Sparse programming is an important tool in robotics, for example in real-time sparse inverse kinematic control with a minimum number of active joints, or autonomous goal selection. However, current approaches are limited to real-time control without consideration of the underlying non-linear problem. This prevents the application to non-linear problems like inverse kinematic planning while the robot autonomously chooses from a set of potential goal positions. Instead, kinematic reachability approximations are used while the robot's whole body motion is considered separately. Furthermore, the sparse constraints are not prioritized for intuitive problem formulation. Lastly, the computational effort of the used standard solvers is cubically dependent on the number of constraints which is problematic in the presence of a large number of possible goals. In this work, we address sparse hierarchical non-linear programs with tools from hierarchical non-linear programming to gain a holistic understanding of the problem at hand. The resulting sequential sparse hierarchical quadratic programming solver scales linearly in the number of constraints and enables the formulation of sparse non-linear equality and inequality constraints on any priority level without feasibility requirements. This enables efficient robot sparse hierarchical inverse kinematic planning and control with autonomous goal selection from a high number of possible goal positions without any reachability approximations.
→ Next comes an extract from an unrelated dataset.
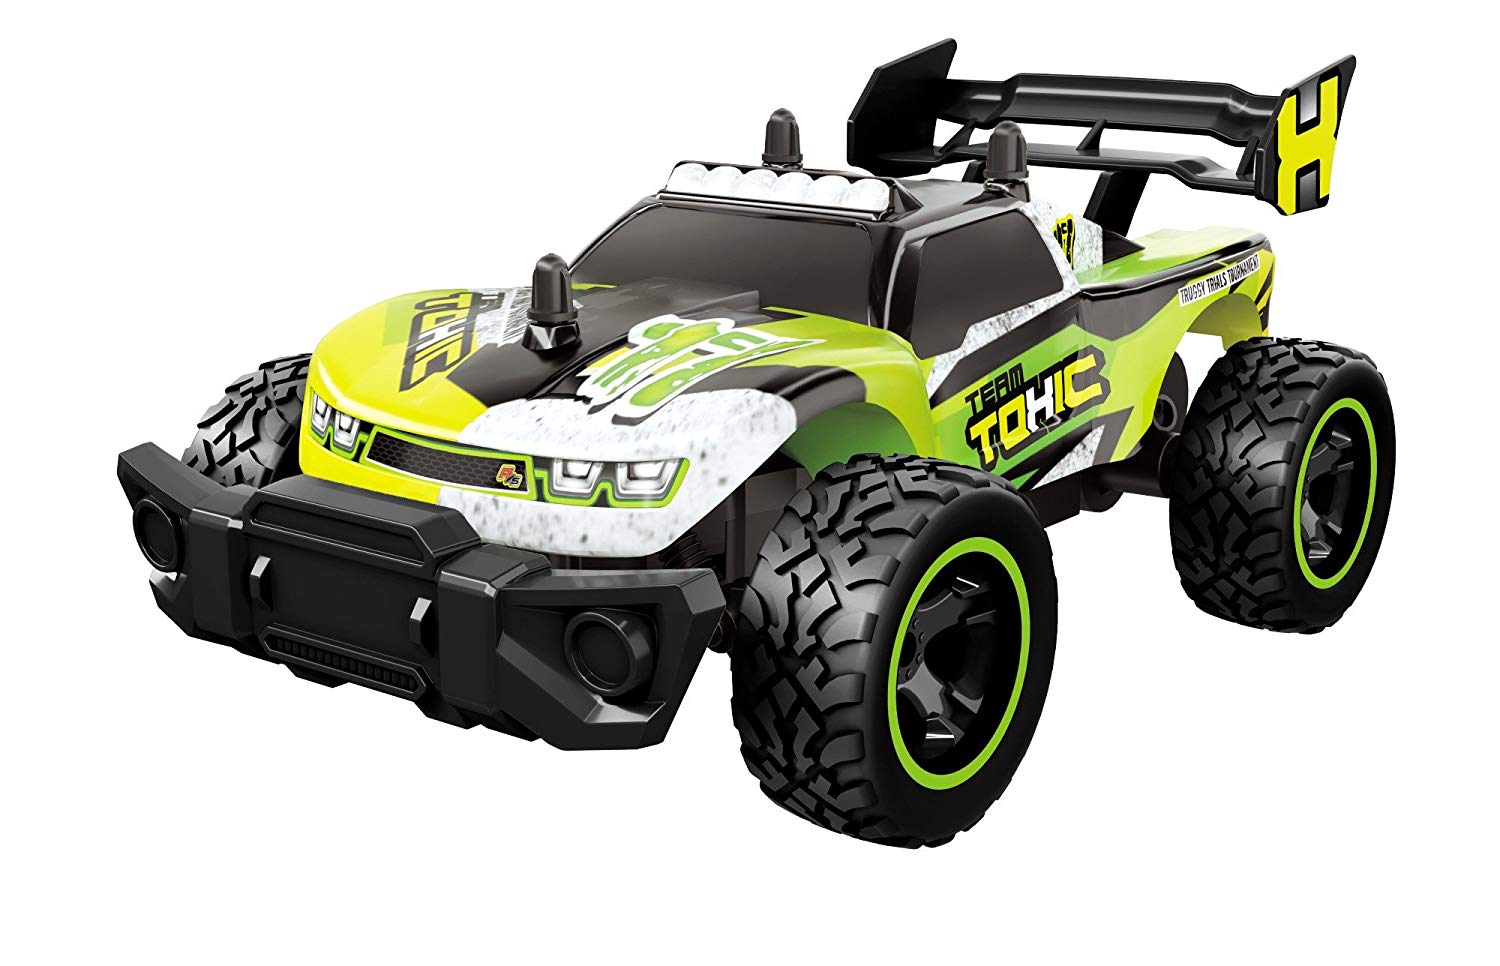 Dickie Toys 201119114 Rc Toxic Flash Remote Control Vehicle

翻译：稀疏规划是机器人学中的重要工具，例如在实现最少活动关节的实时稀疏逆运动学控制或自主目标选择中。然而，现有方法仅限于实时控制，未考虑底层的非线性问题。这阻碍了其在非线性问题（如机器人从一组潜在目标位置中自主选择时的逆运动学规划）中的应用。取而代之的是，现有方法使用运动学可达性近似，同时将机器人全身运动单独考虑。此外，稀疏约束未按优先级划分，不利于直观的问题表述。最后，所用标准求解器的计算量与约束数量的立方成正比，这在存在大量可能目标时会产生问题。本工作通过采用分层非线性规划工具来处理稀疏分层非线性规划问题，从而获得对当前问题的整体理解。所提出的序列稀疏分层二次规划求解器的计算复杂度与约束数量呈线性关系，并允许在任何优先级上表述稀疏非线性等式与不等式约束，且无需满足可行性要求。这使得机器人能够从大量可能目标位置中实现高效的稀疏分层逆运动学规划与控制，并完成自主目标选择，且无需任何可达性近似。